Quote the material exactly from the line that contains "EGGPLANT PURPLE Ski" through its last line. Any pictures are to be left out.

Start of Dataset extract

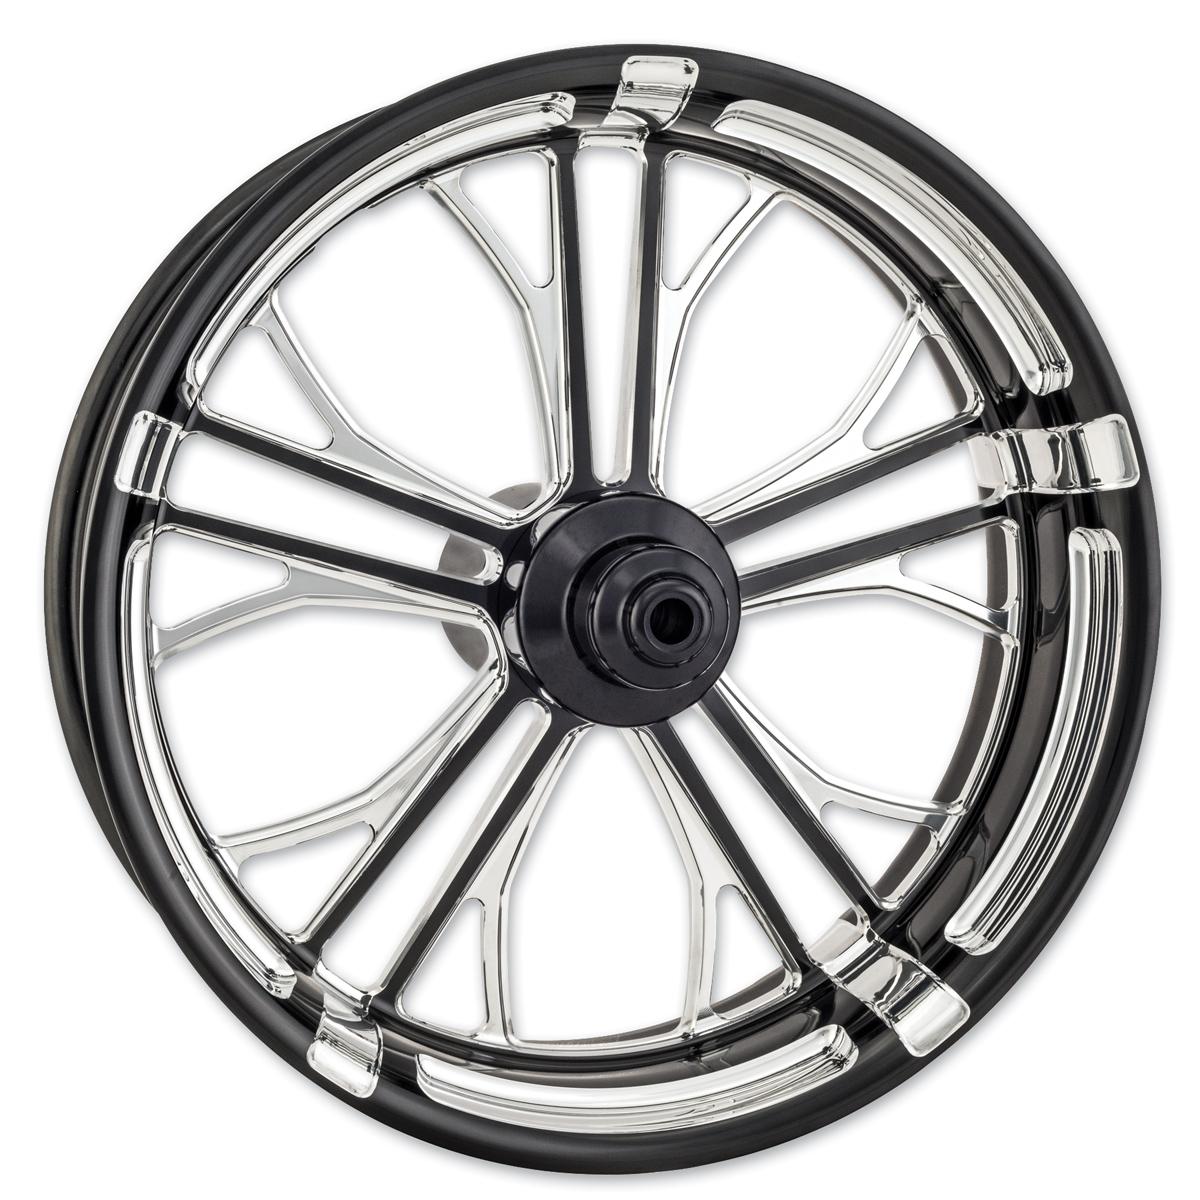 Performance Machine Dixon Platinum Cut Rear Wheel 17x6 ABS
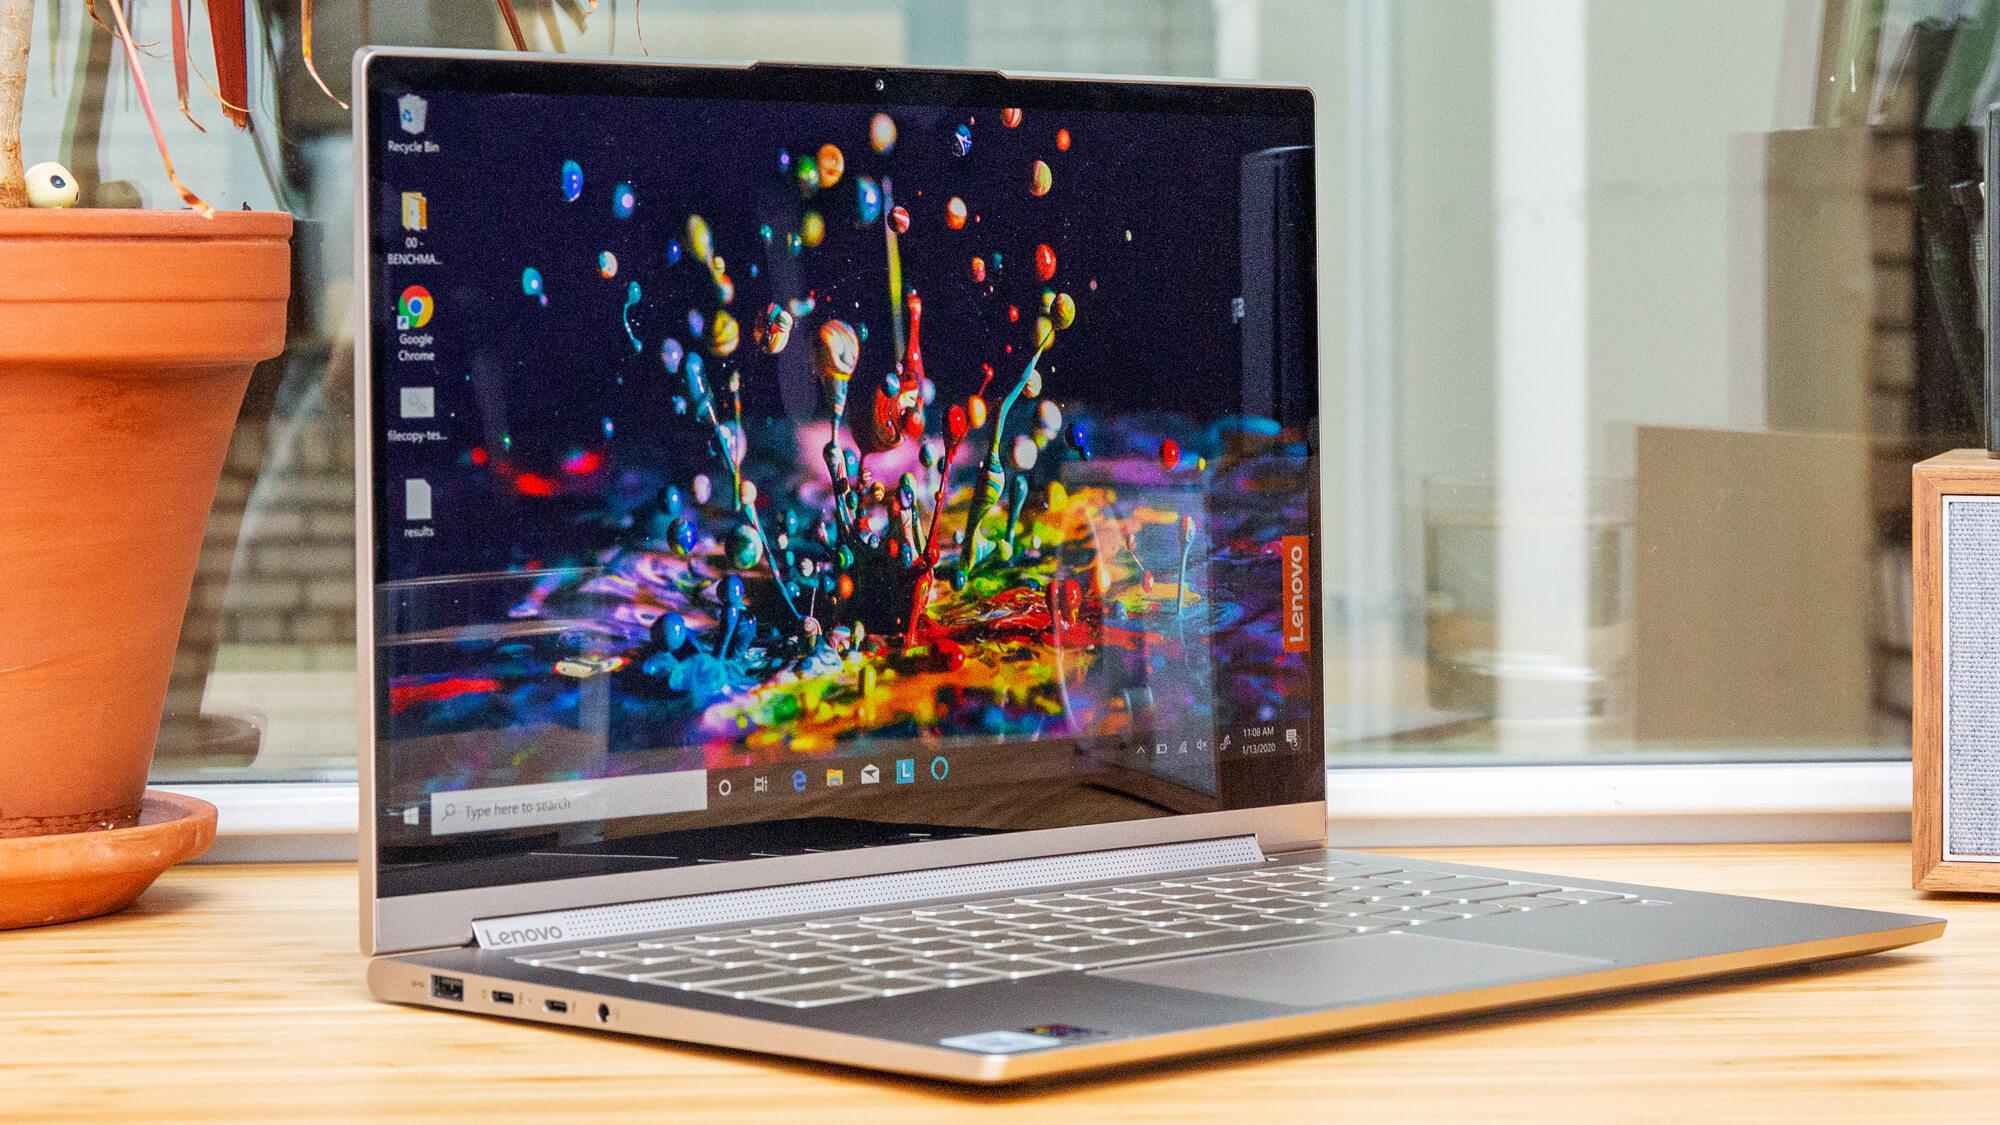 Tong hop 15 laptop tot nhat cho Sinh Vien 6
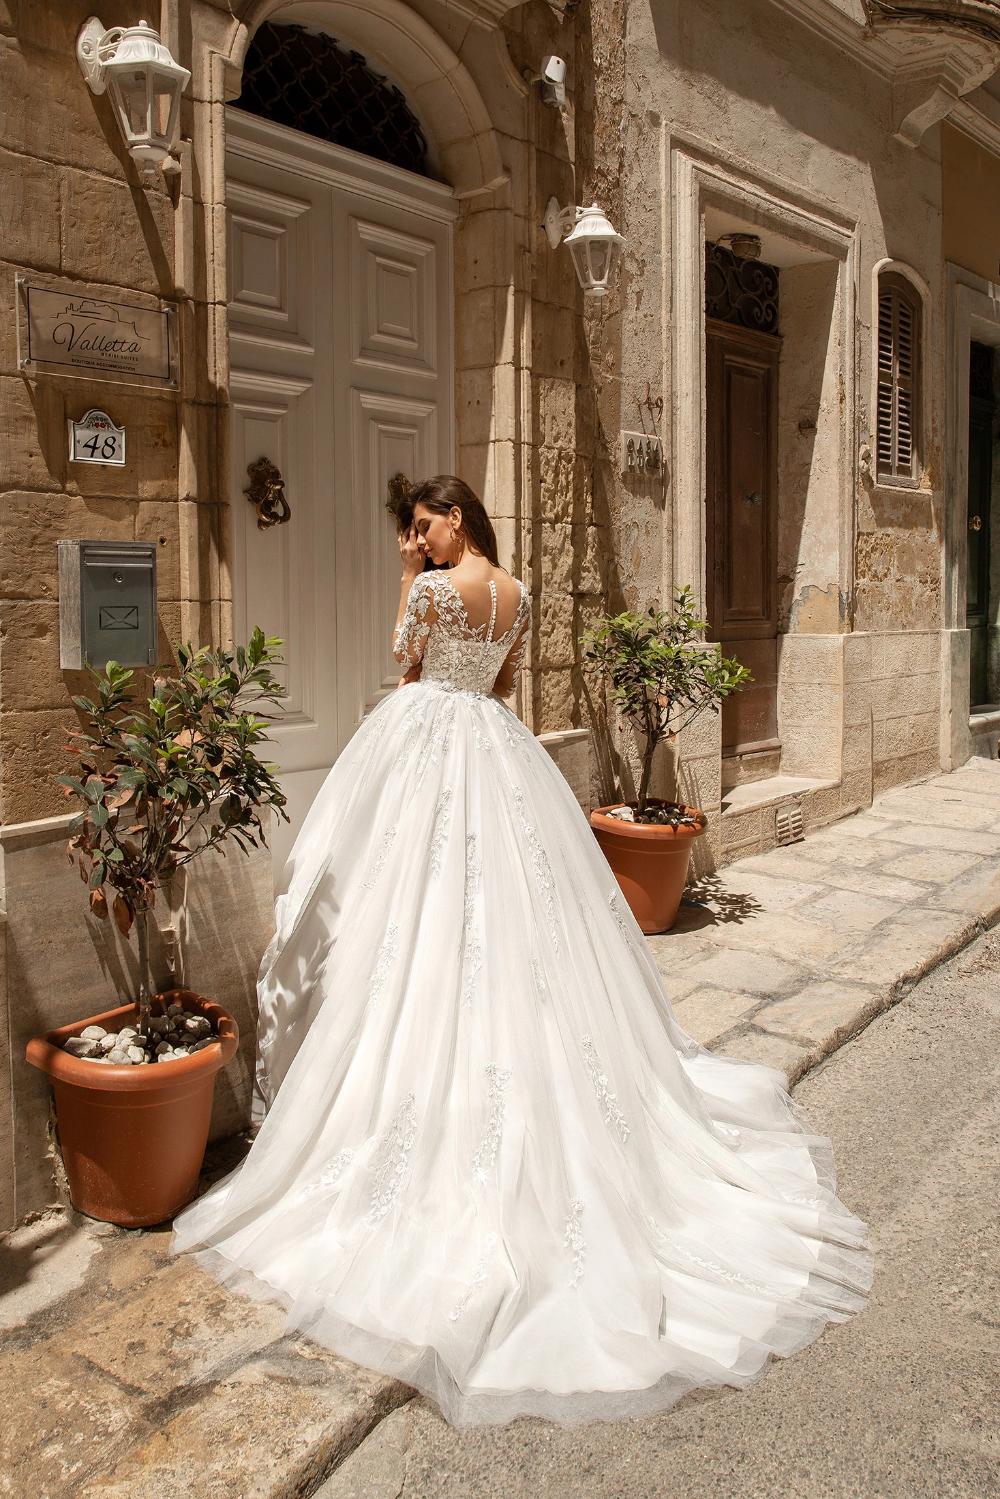 Mandy long sleeve ivory lace organza ball gown wedding dress – KC ...
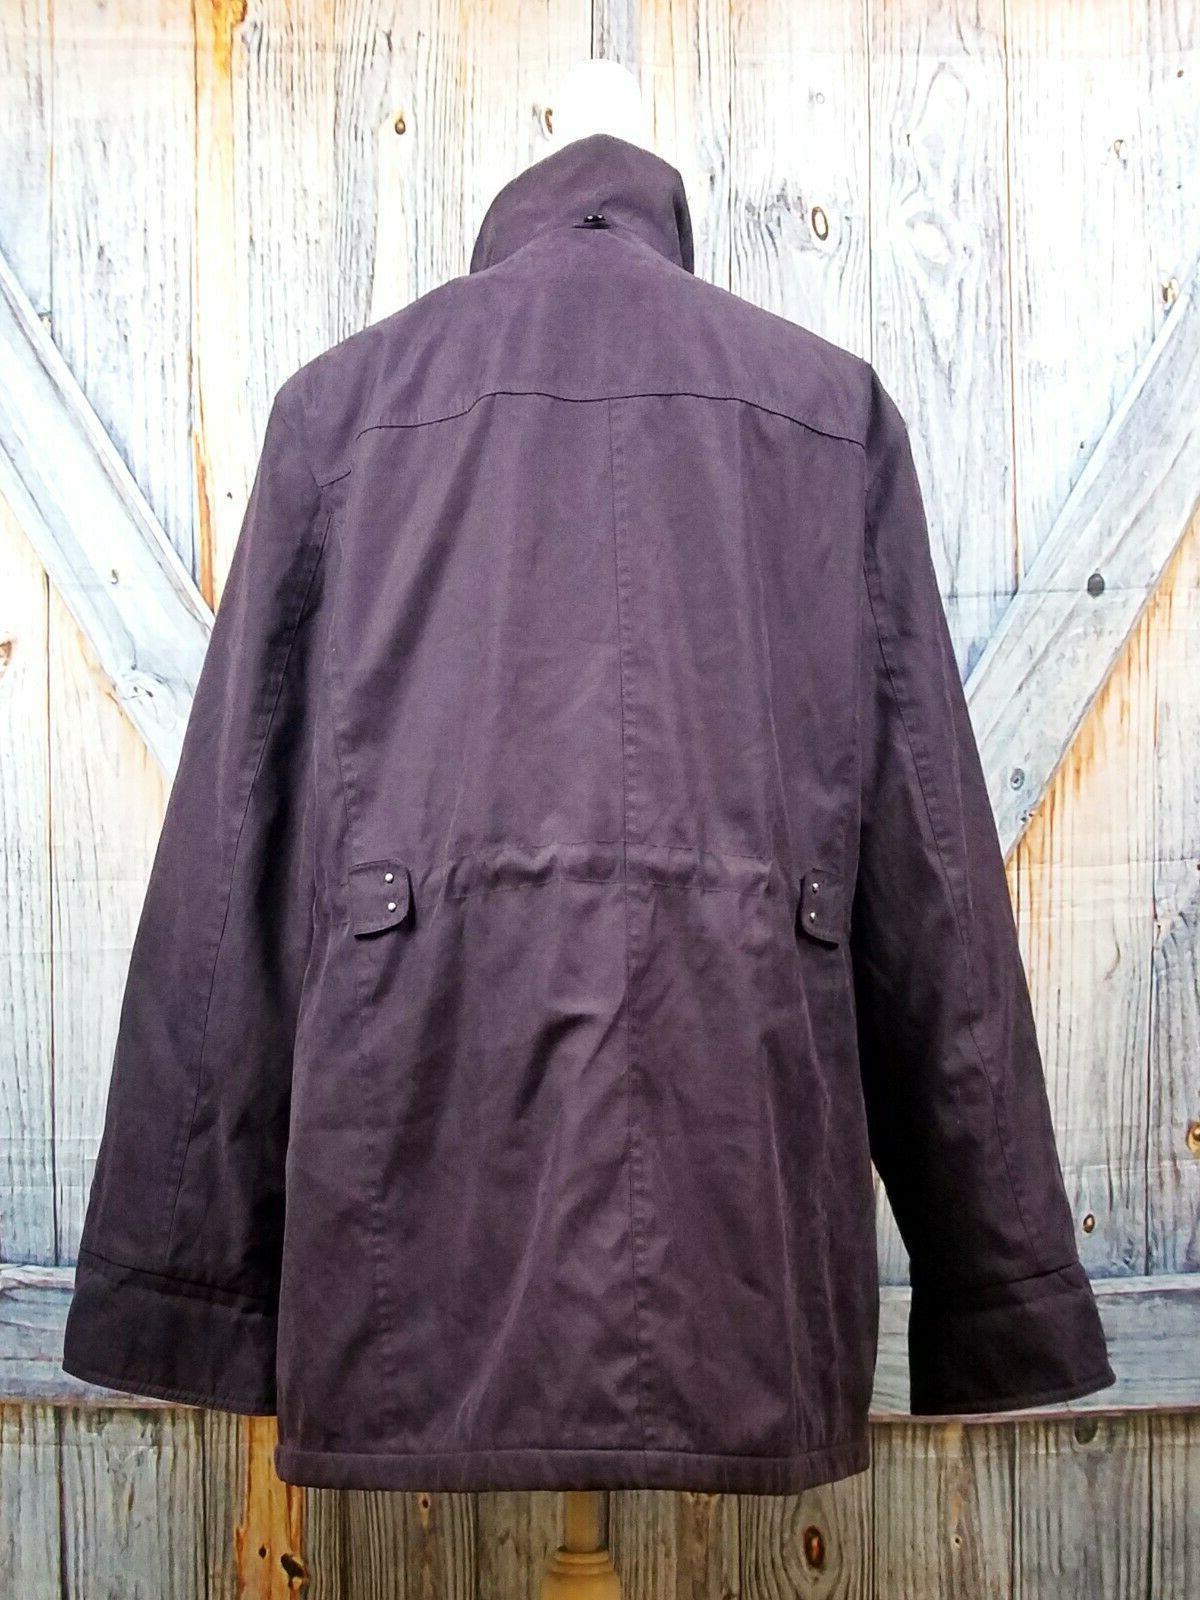 EGGPLANT PURPLE Ski Coat Winter Wind Resistant Jacket XL 1x
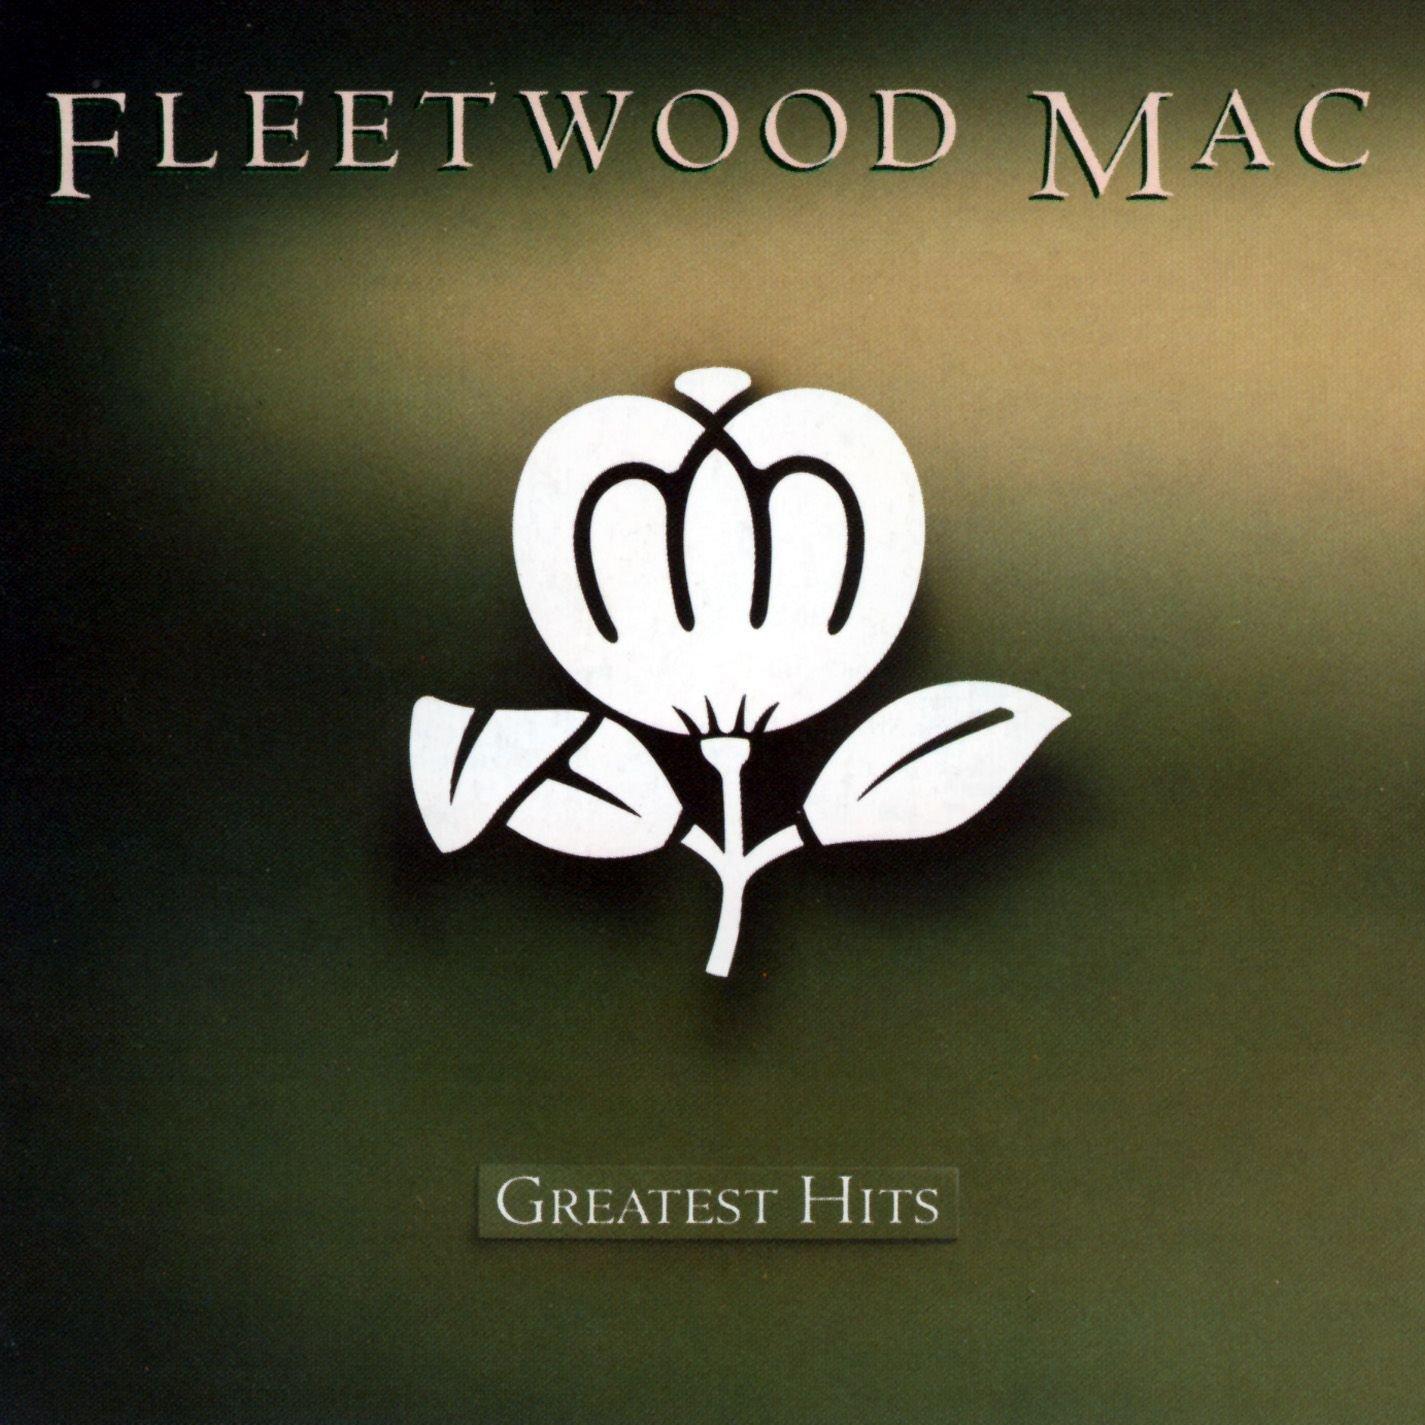 Fleetwood Mac - Greatest Hits - CD /plast/

End of Dataset extract

**Output**
 EGGPLANT PURPLE Ski Coat Winter Wind Resistant Jacket XL 1x
 Fleetwood Mac - Greatest Hits - CD /plast/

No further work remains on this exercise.